McLoughlin v. Achilles
This text of 236 A.D.2d 524 (McLoughlin v. Achilles) is published on Counsel Stack Legal Research, covering Appellate Division of the Supreme Court of the State of New York primary law. Counsel Stack provides free access to over 12 million legal documents including statutes, case law, regulations, and constitutions.
Opinion
—In two actions to recover damages for personal injuries, etc., the defendant Eileen Achilles appeals, as limited by her brief, from so much of an order of the Supreme Court, Richmond County (Leone, J.), entered September 21, 1995, as, after a joint trial on the issue of liability only, granted the plaintiffs’ respective motions to set aside the jury verdict in her favor and granted a new trial against her.

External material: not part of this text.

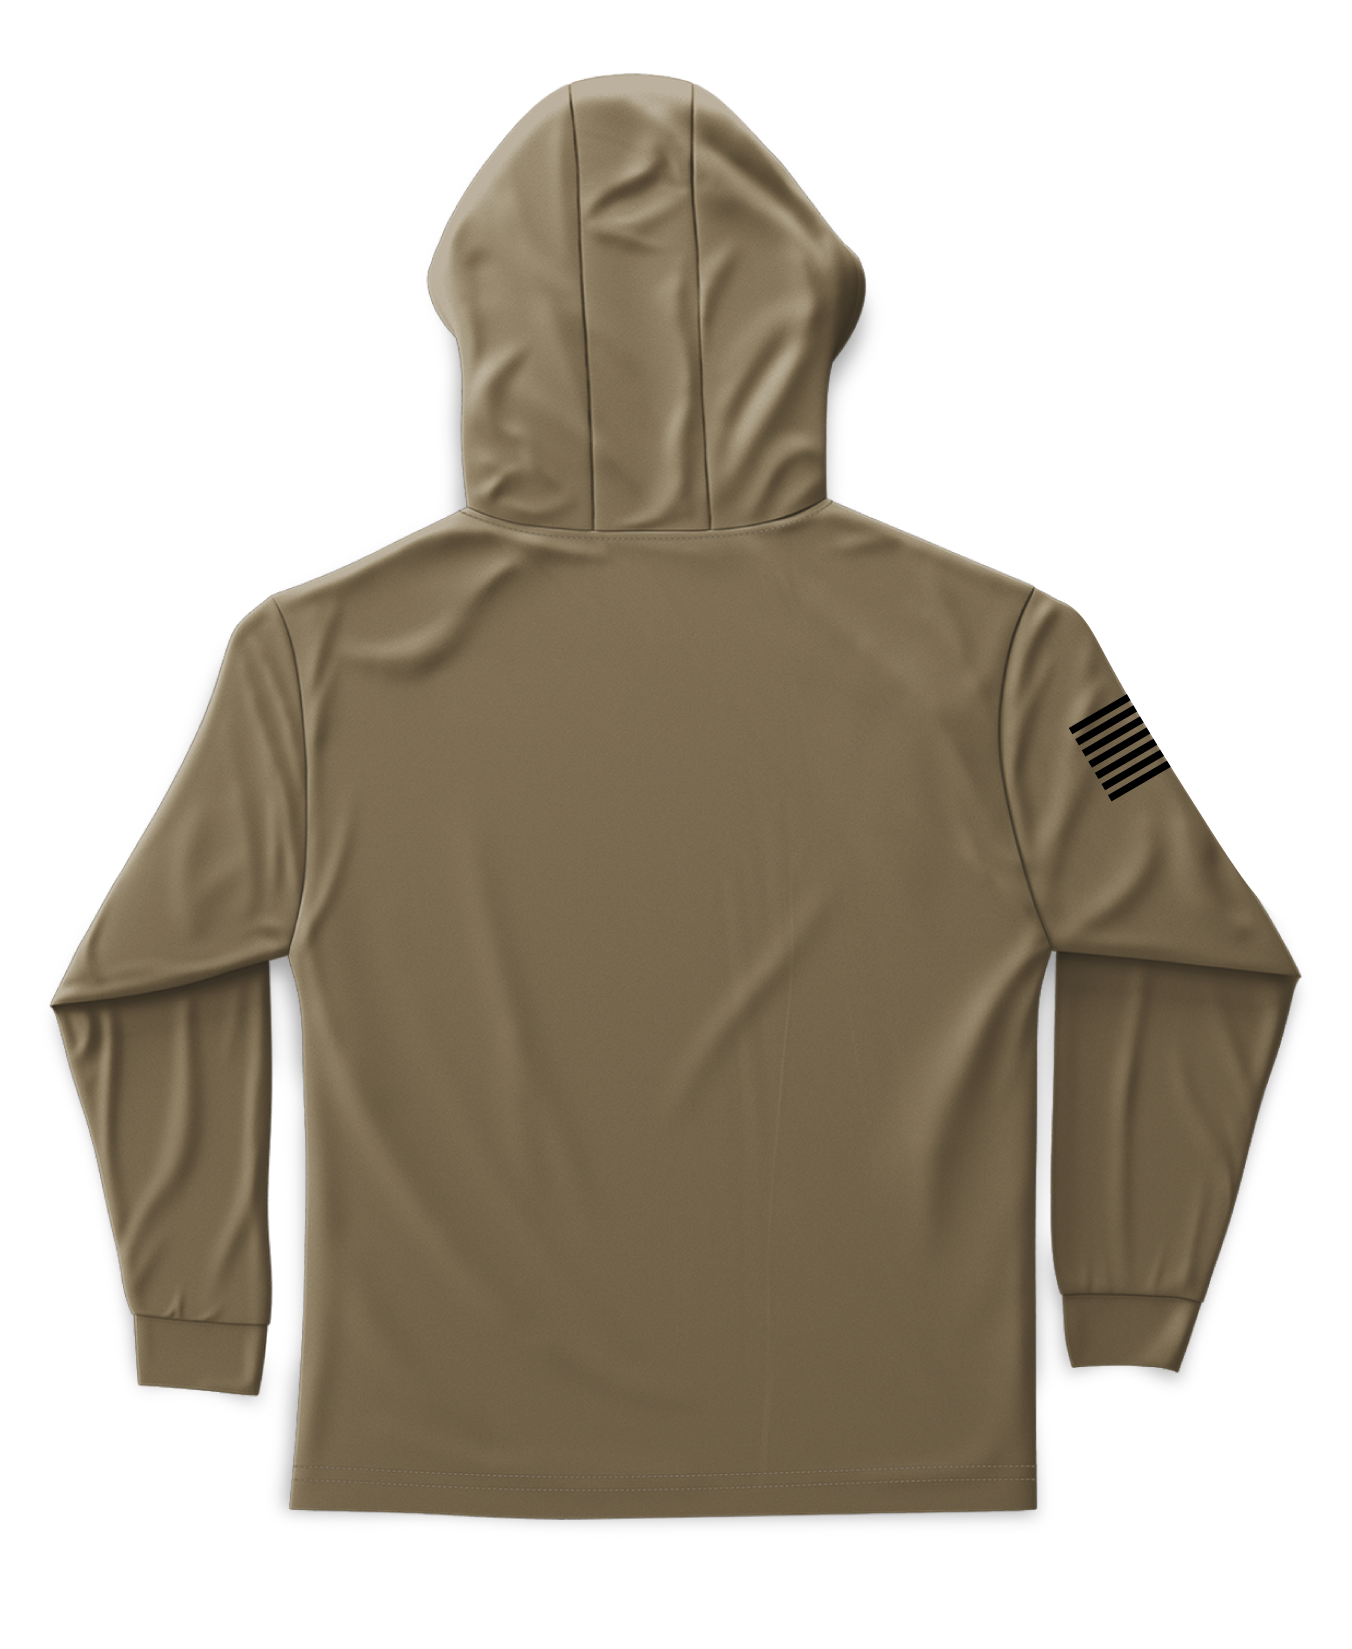 Core Men's Hooded Performance Sweatshirt - Original - Tan499/Black

[525]*525Ordered that the order is reversed insofar as appealed from, on the law, with costs, the verdict in favor of the defendant Eileen Achilles in Action Nos. 1 and 2 is reinstated, the action against the remaining defendants is severed, and the matters are remitted to the Supreme Court, Richmond County, for the entry of judgment thereon.
The actions arose from a four-car chain reaction collision in which the defendant Eileen Achilles stopped her car short, allegedly to avoid hitting an unidentified car that had cut her off. The plaintiff in Action No. 1, Deborah Raisley McLoughlin, who was driving behind Achilles, also stopped short. The plaintiff in Action No. 2, Herbert Smith, who was driving behind McLoughlin, claimed that he stopped without hitting McLoughlin but was pushed into McLoughlin’s car by the car behind him which was driven by Joseph Cañero, a defendant in both actions. The jury found Achilles and Cañero not liable in both actions. The plaintiffs in each action moved to set aside the jury verdict, and the court granted the motion and directed that a new trial be held. Only Achilles appeals.

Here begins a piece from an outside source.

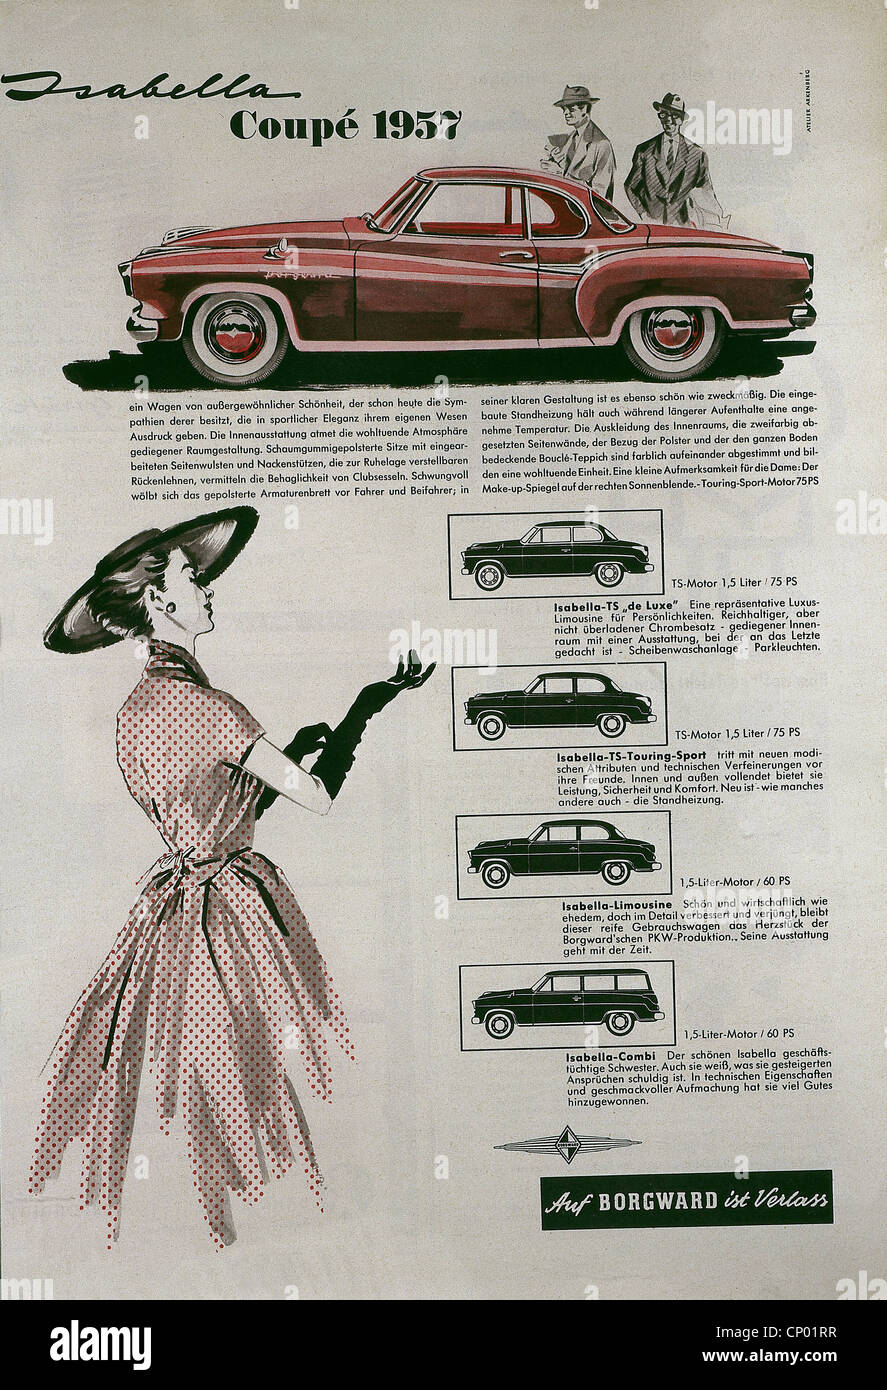 https://c8.alamy.com/comp/CP01RR/advertising-automobiles-borgward-borgward-isabella-coupe-advertisement-CP01RR.jpg

A jury verdict will not be set aside unless it could not have been reached on any fair interpretation of evidence, or, where the record indicates substantial confusion among the jurors, because of errors in the charge and verdict sheet (see, CPLR 4111 [c]; Policastro v Savarese, 171 AD2d 849, 852; Nicastro v Park, 113 AD2d 129; Cortes v Edoo, 228 AB2d 463; see also, Figueroa v City of New York, 84 AD2d 572). Under the facts of this case, the jury could reasonably have found that actions of Achilles were not a proximate cause of the injuries to the two plaintiffs behind her.

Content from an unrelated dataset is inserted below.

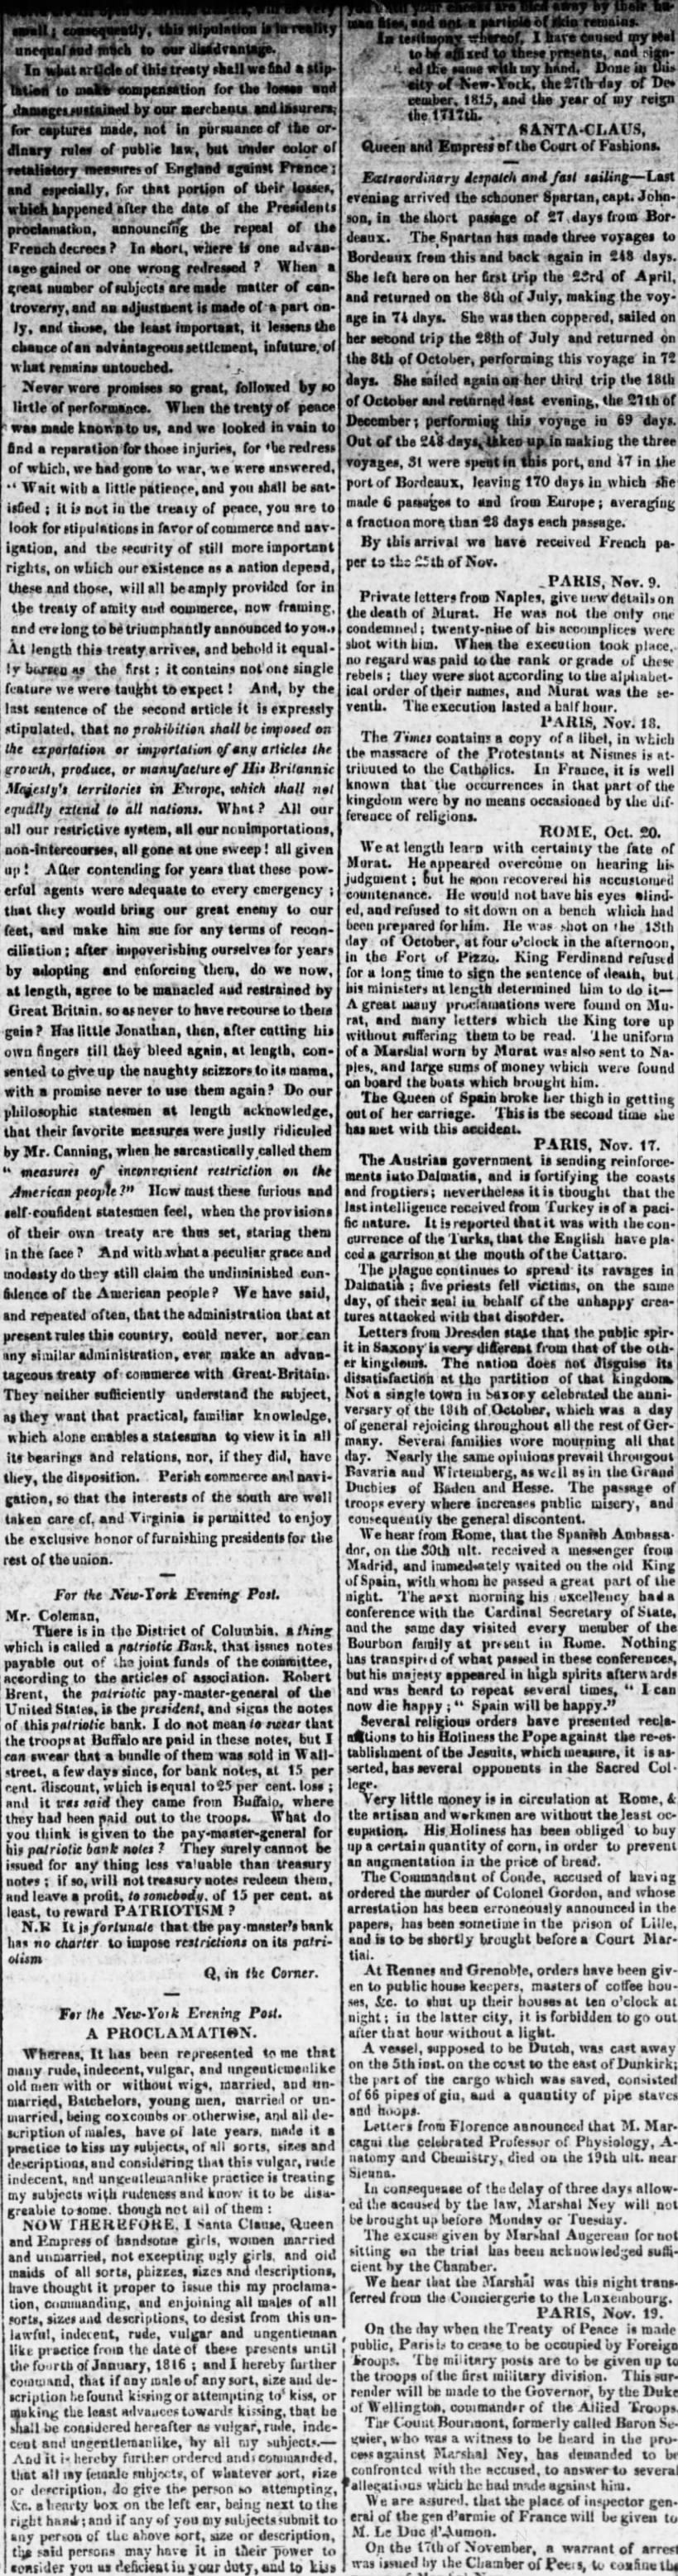 Santa Clause Proclamation, (New York) Evening Post (Dec. 28, 1815)

Moreover, the plaintiffs’ claim that the jury was confused by the charge and by the apportionment of fault section in the single verdict sheet is without merit. The court’s instruction and the verdict sheet required only that the jury assign a percentage of fault as to each defendant if both defendants were found to be liable. By finding no liability as to Achilles, no apportionment was necessary. The two requests made by the jurors during their deliberations did not hint at jury confusion, but indicated a careful weighing of the evidence. We note that the use of the jurors’ post-discharge affidavits by the McLoughlins to attack the verdict is improper (see, Russo v Jess R. Rifkin, D.D.S., P. C, 113 AD2d 570). Miller, J. P., Sullivan, Pizzuto and Goldstein, JJ., concur.